Costs against petitioners.
SO ORDERED.
ANGELINA SANDOVAL-GUTIERREZ
Associate Justice
WE CONCUR:
REYNATO S. PUNO
Associate Justice
Chairperson
RENATO C. CORONA Associate Justice |
ADOLFO S. AZCUNA Asscociate Justice |
CANCIO C. GARCIA
Associate Justice
A T T E S T A T I O N
I attest that the conclusions in the above Decision were reached in consultation before the case was assigned to the writer of the opinion of the Court's Division.
REYNATO S. PUNO
Associate Justice
Chairperson, Second Division
C E R T I F I C A T I O N
Pursuant to Article VIII, Section 13 of the Constitution, and the Division Chairman's Attestation, it is hereby certified that the conclusions in the above Decision were reached in consultation before the case was assigned to the writer of the opinion of the Court.
ARTEMIO V. PANGANIBAN
Chief Justice
Footnotes
1 Section 33, B.P. Blg. 129, as amended; Herrera v. Ballon, G.R. No. 138258, January 18, 2002, 374 SCRA 107.
2 Pilipinas Bank v. Court of Appeals, G.R. No. 117079, February 22, 2000, 326 SCRA 147.
3 "4. That on January 8, 1992, defendant Renato Tanseco, with the full aid and assistance of the Social Investigation Division (SID) of the Parañaque Police Force, employing force and intimidation entered the premises and demolished the fence erected by the plaintiffs and the two security guards posted thereat were forcibly arrested and brought to the police station without any complaint or warrant of arrest, a clear case of brutality of police officers and abuse of power;
x x x
10. That, as a matter of fact, the Parañaque police and defendant Tanseco clearly tried to eject the plaintiffs from their property thru the unlawful and felonious illegal notice of demolition and permit issued by Municipal Engineer Gooco to construct concrete fence, ordering his men with the assistance of the Parañaque police to demolish not only the fence but also the guardhouse erected thereon and arresting the security guards posted by the plaintiffs and posting his own security guards;
x x x
15. That the continuous commission of the illegal acts being complained of would probably work injustice to the plaintiffs because defendant Tanseco insists in forcibly ejecting the plaintiffs from the land using the notice of demolition and permit as his basis and through use of force and intimidation with police assistance without any court order. Moreover, temporary restraining order is being sought because violence may erupt in the premises, considering that both contending parties are posting their own security guards, although the guards of defendant Tanseco have the advantage because of the assistance given by the police force of Parañaque;"

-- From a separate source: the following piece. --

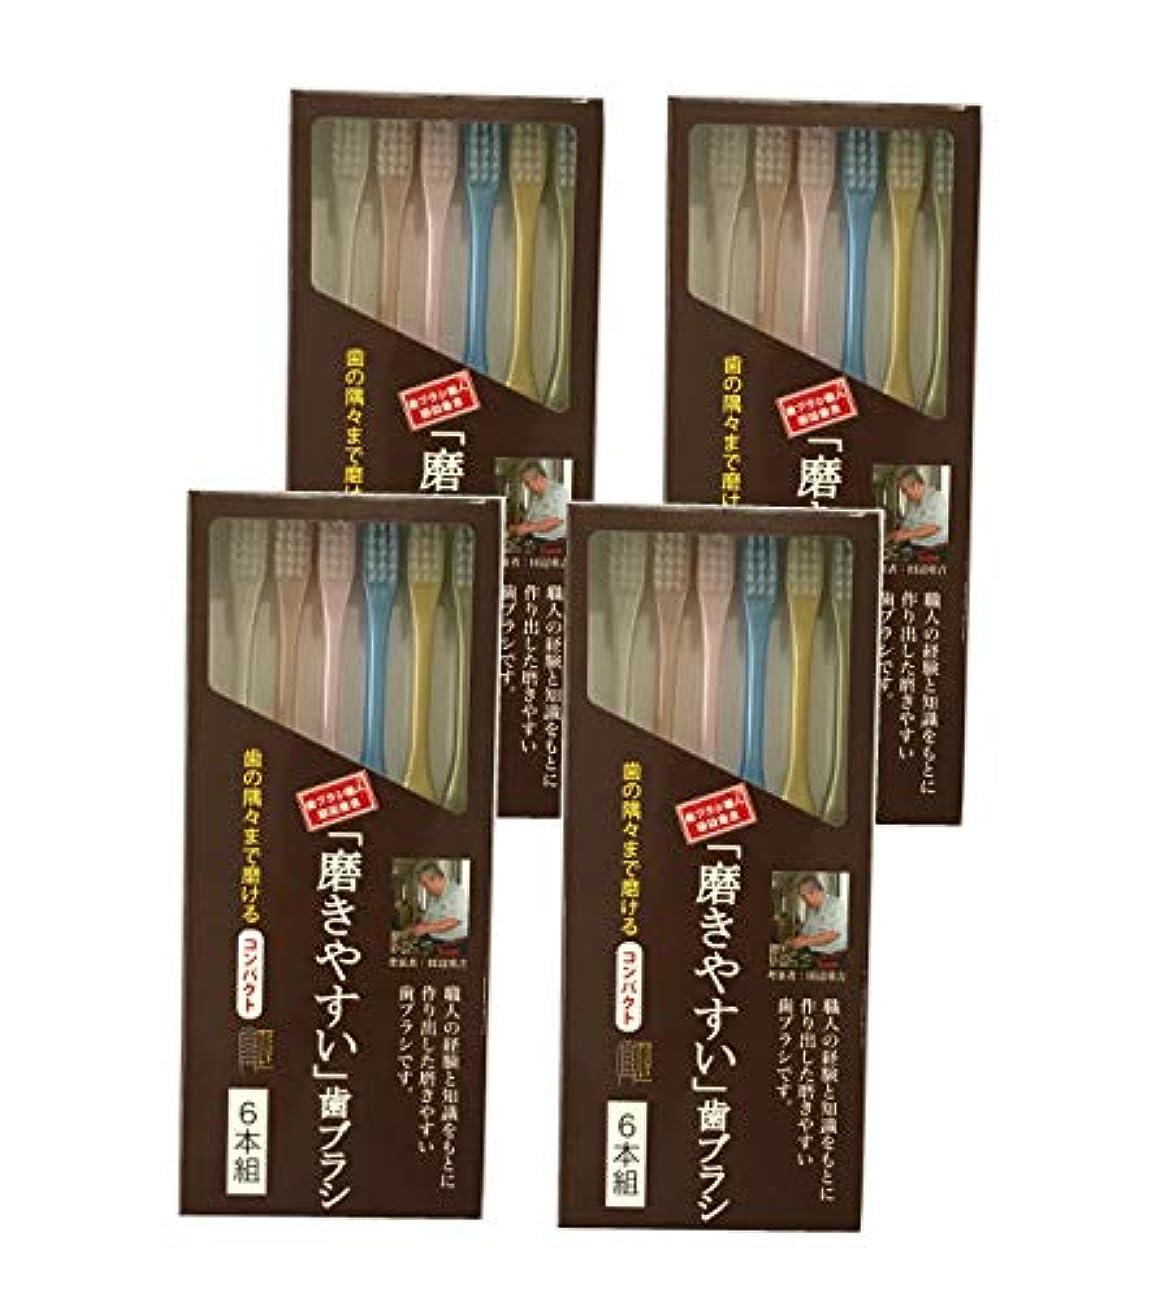 従う不屈便利さ(24本】歯ブラシ職人 田辺重吉考案 磨きやすい歯ブラシ 先細 6本組×4個セット

4 Section 1, Rule 70 of the 1997 Rules of Civil Procedure, as amended, provides:
"SECTION 1. Who may institute proceedings, and when. – Subject to the provisions of the next succeeding section, a person deprived of possession of any land or building by force, intimidation, threat, strategy, or stealth, or a lessor, vendor, vendee, or other person against whom the possession of any land or building is unlawfully withheld after the expiration or termination of the right to hold possession, by virtue of any contract, express or implied, or the legal representatives or assigns of any such lessor, vendor, vendee, or other person, may, at any time within one (1) year after such unlawful deprivation or withholding of possession, bring an action in the proper Municipal Trial Court against the person or persons unlawfully withholding or depriving of possession, or any person or persons claiming under them, for the restitution of such possession, together with damages and costs. (1a)"
5 Tala Realty Services Corporation v. Banco Filipino Savings and Mortgage Bank, G.R. No. 137533, November 22, 2002, 392 SCRA 506.